I'd thought about kneedit as well, being too solid was the only reason I didn't consider it further. The devcon in the tubes isn't too much more expensive. Will one pair/set of tubes be enough?

----------


## steven

Im using turtle wax car polish as the release agent, seems to be working well. A 4$2 tub should outlast me....as long as I dont do something silly like wash the car...

 :XD:

----------


## steven

:3 8 14: 


> Oh no ! not you too ? I have a No4 mk2 full wood  that is driving me nuts . Hate to think how many times I have had all the wood on and off that !


I have 2 x No4 mk2s, both used to shoot well then went awol

D:

Man they are a pain in the ass, on and off? a reckon a hooker's draws gets less use.

I have rebedded one with centre bedding similar to Roger W's book, trying it out at 500yds tomorrow also re-did the wrist and re-enforce  The second one Ive almost finished bedding to the Canadian Armourers manual I have incl  wrist and re-enforce, might be shot tomorrow if I can assemble it tonight, a new centre bed was "poured" last night, so depends on if its OK when I get home.

I have 2 un-issued stocks Im also working on....one will be std "T" the other is shh top secret....

;]

Draws are painful also, Ive made new ones out of brass so I can add shims behind them to adjust alignmnet and tightness....

 :3 8 14: 

 :3 8 14: 

 :3 8 14: 

Something to be said for a nice std Barnard TR.....

----------


## deepsouthaussie

What about Nathan Fosters product?   www.ballisticstudies.com not sure how it stacks up value wise?
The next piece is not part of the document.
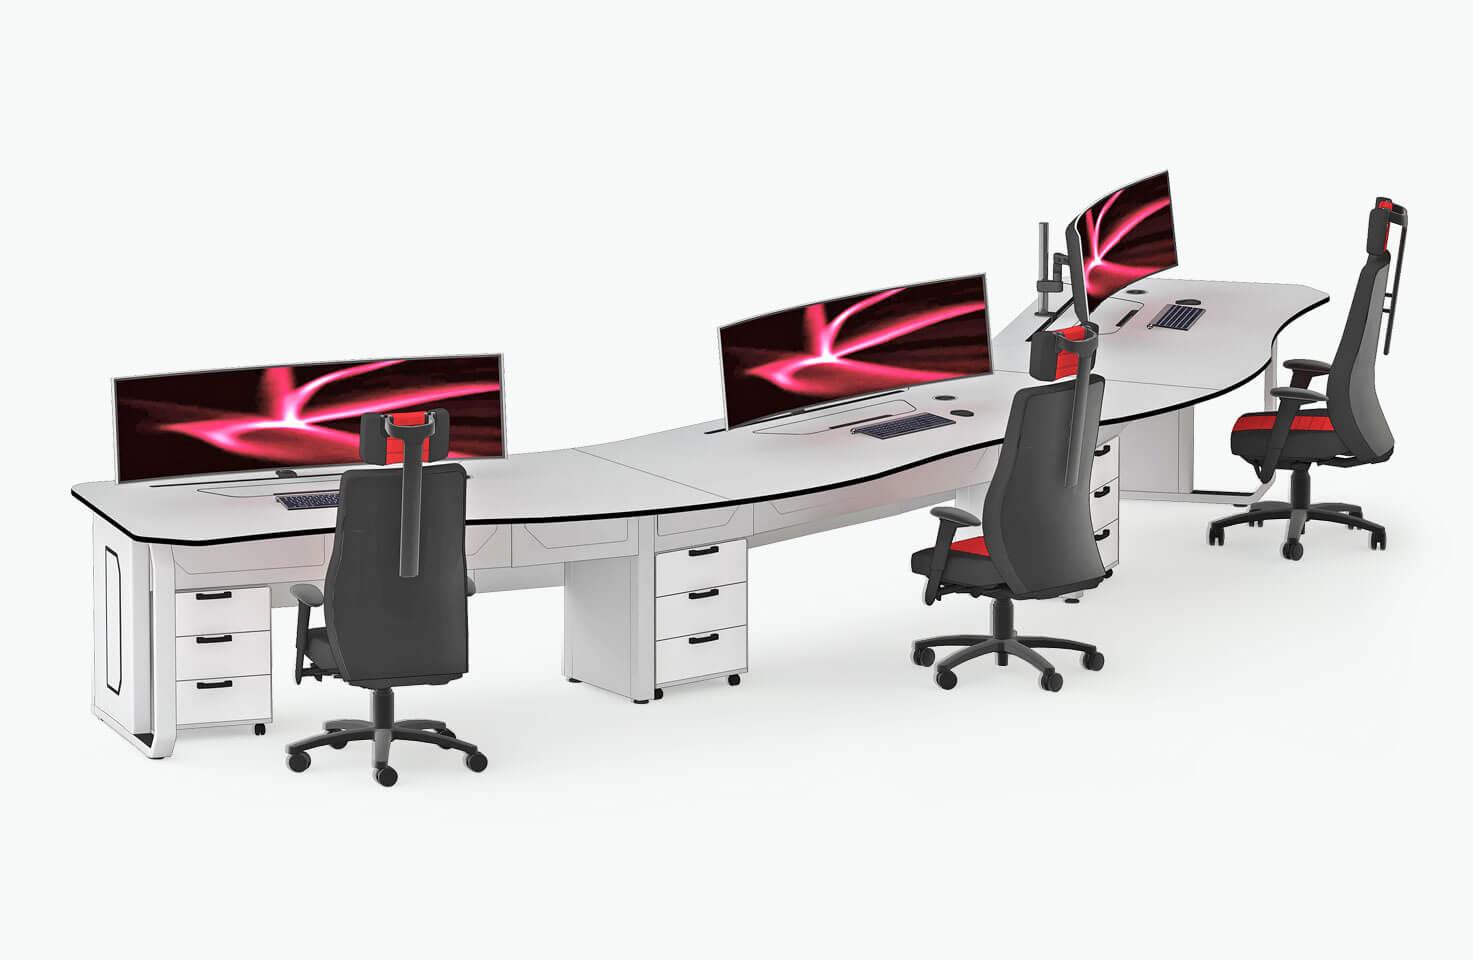 Технологическая мебель Атлант ДЕЛЬТА в конфигурации с внешней дугой на три рабочих места

Sent from my GT-I9300T using Tapatalk

----------


## deepsouthaussie

Matchgrade bedding compound

Sent from my GT-I9300T using Tapatalk

----------


## johnino

> What about Nathan Fosters product?   Terminal Ballistics Research not sure how it stacks up value wise?
> 
> Sent from my GT-I9300T using Tapatalk


I've used that on a couple of rifles. Great product.

----------


## Friwi

Brownells acragel is really one of the worst bedding compound I have ever used ( and I have bedded more than 70 rifles over the years).
It is not hard enough when dry. Acraglass is good but quite runny and not always easy to use.but I use it when I want to match the wooden colour of a classic rifle. Devcon steel putty and JB weld are two of my favourites. Match grade compound is very good as well.

Friwi.

----------


## 7mmsaum

Brownells Steel-Bed

99% stainless steel powder, hardest bedding compound I have ever used. Can thread it, it's like steel when set.

I always measure it up after setting and there is not even one thou of distortion.

----------


## steven

> I've used that on a couple of rifles. Great product.


I tried to use it and had no success mixing it in small batches, it didnt harden after a week. 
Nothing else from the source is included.